Interview with the Editor: Kendel Flaum of Henery Press


LynDee Walker’s new book, Buried Leads, is due out in October.  I am very excited to start talking about it, but you’re going to have to wait just a little longer–ee!  Meanwhile, I had the great pleasure of meeting LynDee’s editor, Kendel Flaum, and thought you’d enjoy hearing from her.  As the managing editor of Henery Press, she has great insight and is, of course, very interesting.
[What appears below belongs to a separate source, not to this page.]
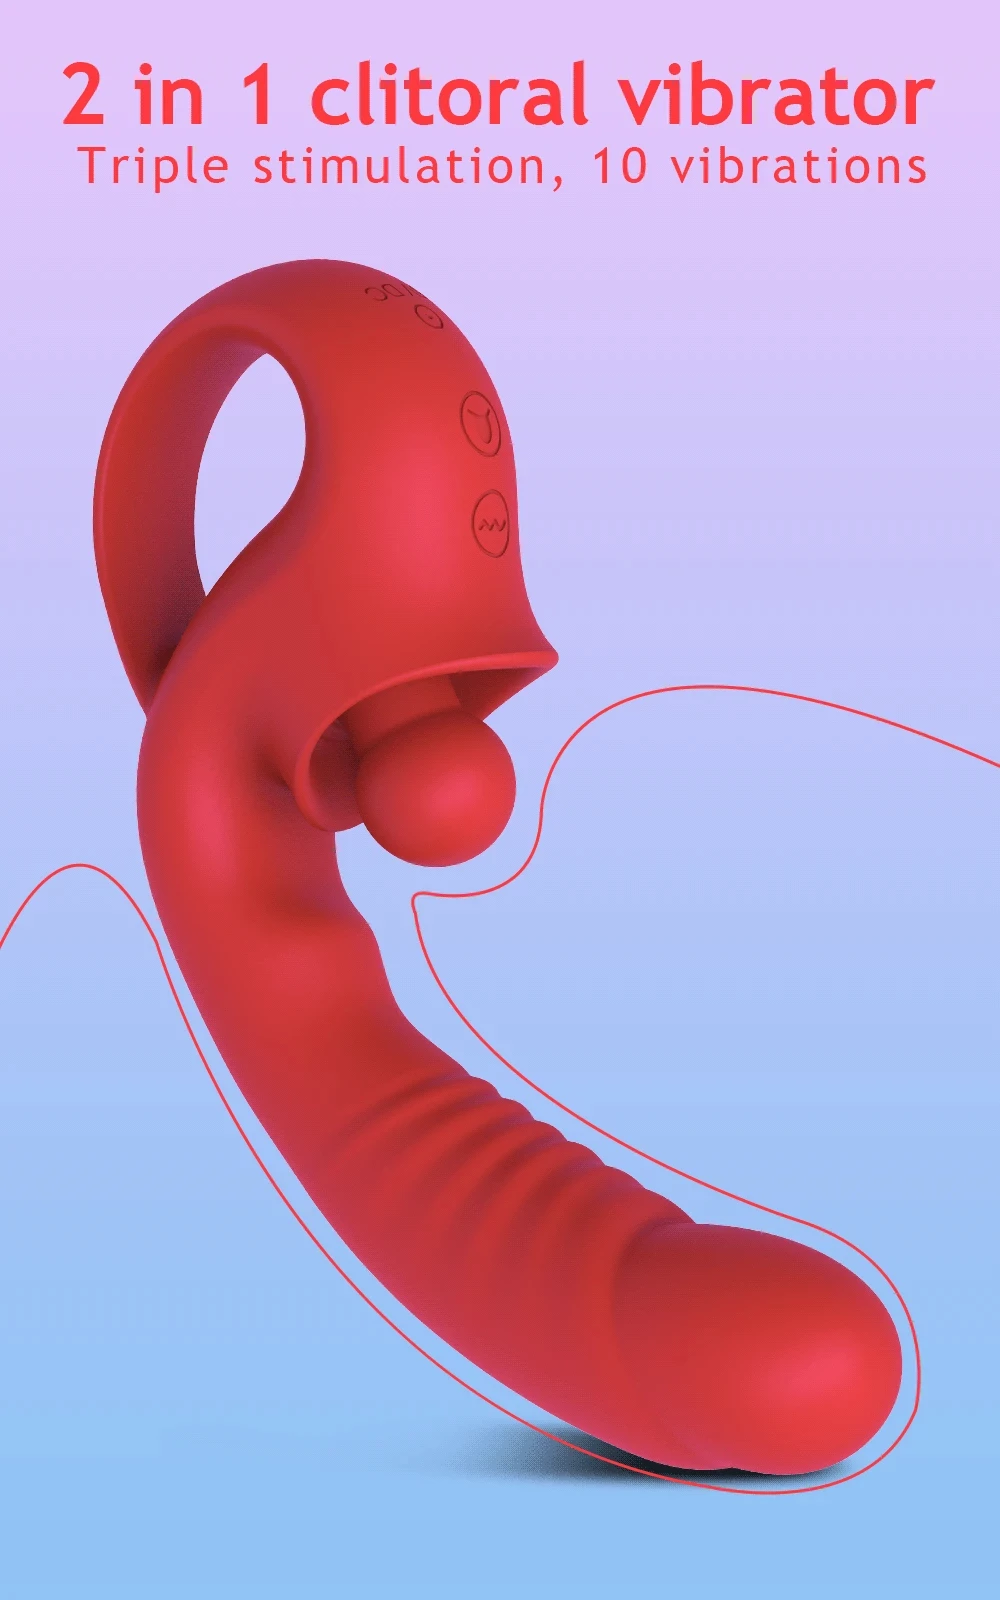 clitoral licking tongue vibrator

But don’t just take my word for it.  This is Kendel’s bio:

Kendel Flaum is a Southern California native who now parks her flip flops in Dallas, Texas. Deciding to combine her fifteen years of entrepreneurial savvy and over a decade of designing, writing, and editorial experience, she launched Henery Press, an independent publishing house focused on mystery and suspense. As managing editor, she’s always looking for captivating stories — from cozies and crime capers to paranormals and PIs. She’s got a coop full of award-winners and nominees in the Hen House, and just loves finding a gem in the slush pile.

LYNN-pic

Henery Press is an independent publisher in the mystery/suspense genre focused on engaging stories with sharp twists and lively characters. We want every reader to enjoy a captivating story written by a talented author wrapped in a pretty package.

Q)  I love the story of how Henery Press came to be.  Will you please tell it for our audience?

Let me nutshell it for your readers: It started from a love of writing. Which led me to an amazing organization, Sisters in Crime, and its upstart sub-chapter, the Guppies. I met my mentor there, I met my bff there, and I met 500+ mystery writers looking to be published there. After several years, Diane Vallere, the aforementioned bff, and I decided to create a sub-chapter of the Guppies called called Press Quest where we’d spearhead the efforts to compile information on every mid-to-small-to boutique press open to mystery writers. We researched until our fingers cramped – we detailed lists, facts, databases, interviews, websites, and on-the-ground commentary.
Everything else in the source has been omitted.